Abstract
INTRODUCTION
Synovial sarcoma (SS) is generally observed in adults, however it is the most common non-rhabdomyosarcoma soft tissue sarcoma during childhood. In our study we reviewed pediatric patients with SS followed in our clinic retrospectively.
METHODS
Patients with SS diagnosed between 1993 and 2017 in Ankara Oncology Training and Research Hospital included into the study. Their files were reviewed retrospectively, clinical presentation, treatments and response of patients to treatment were investigated.
RESULTS
We analyzed data of 15 pediatric patients. Median age of patients was 14.5 (13 – 17) years, in 14 patients tumor was located in extremities.

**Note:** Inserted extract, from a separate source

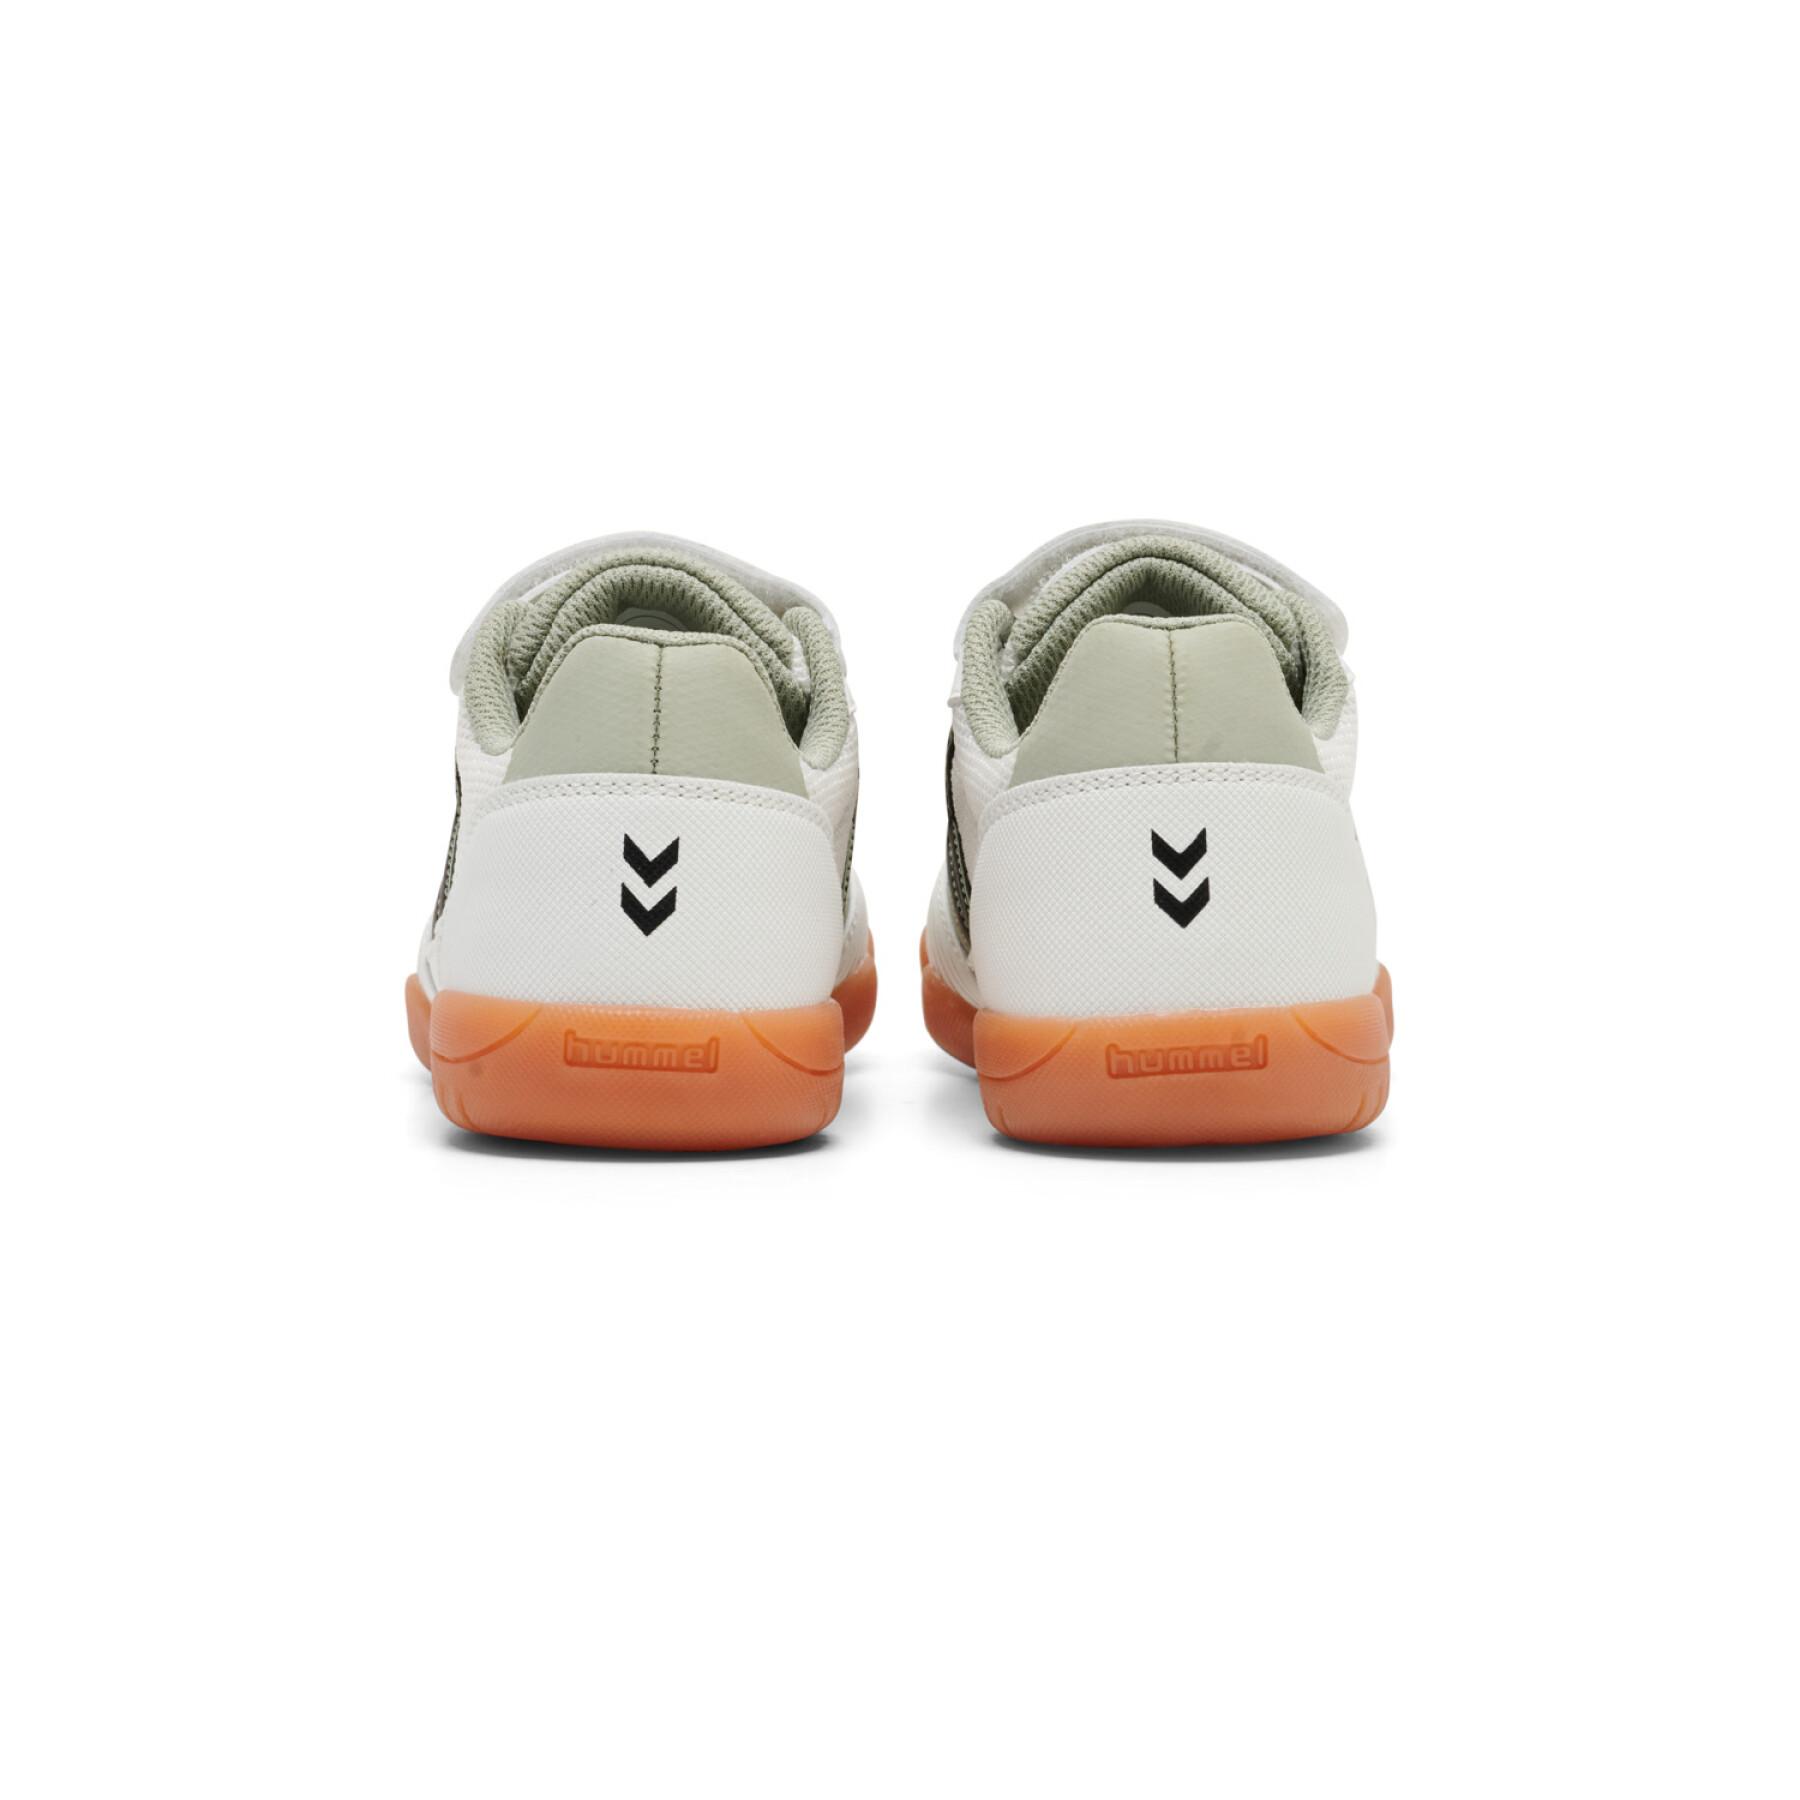 Children's sneakers Hummel Aeroteam III VC

When we grouped patients based on IRS staging; five patients (33.3%) were in group I, eight patients (53.3%) were in group II, and two patients (13.3%) were in group III. Four (33%) of the 12 patients that in first remission relapse occurred; in three patients there was isolated lung relapse and in one patient relapse was from lung and external iliac lymph node. Patients were followed median 28 (5 – 85) months, three years event free survival was 53.6%, and overall survival was 73%. When we compared three years overall survival of patients based on IRS staging; 75% in IRS group I; 100 % in IRS group II; and 0% in IRS group III (p; <0.001).
DISCUSSION AND CONCLUSION
Prognosis of synovial sarcoma during childhood is very bad if surgery is not performed. In patients with remission lung is the most common region for relapse, and patients should be followed carefully for relapse if unspecified small pulmonary nodules are detected. Multi centric studies with more patients should be performed to get more valid information about our country.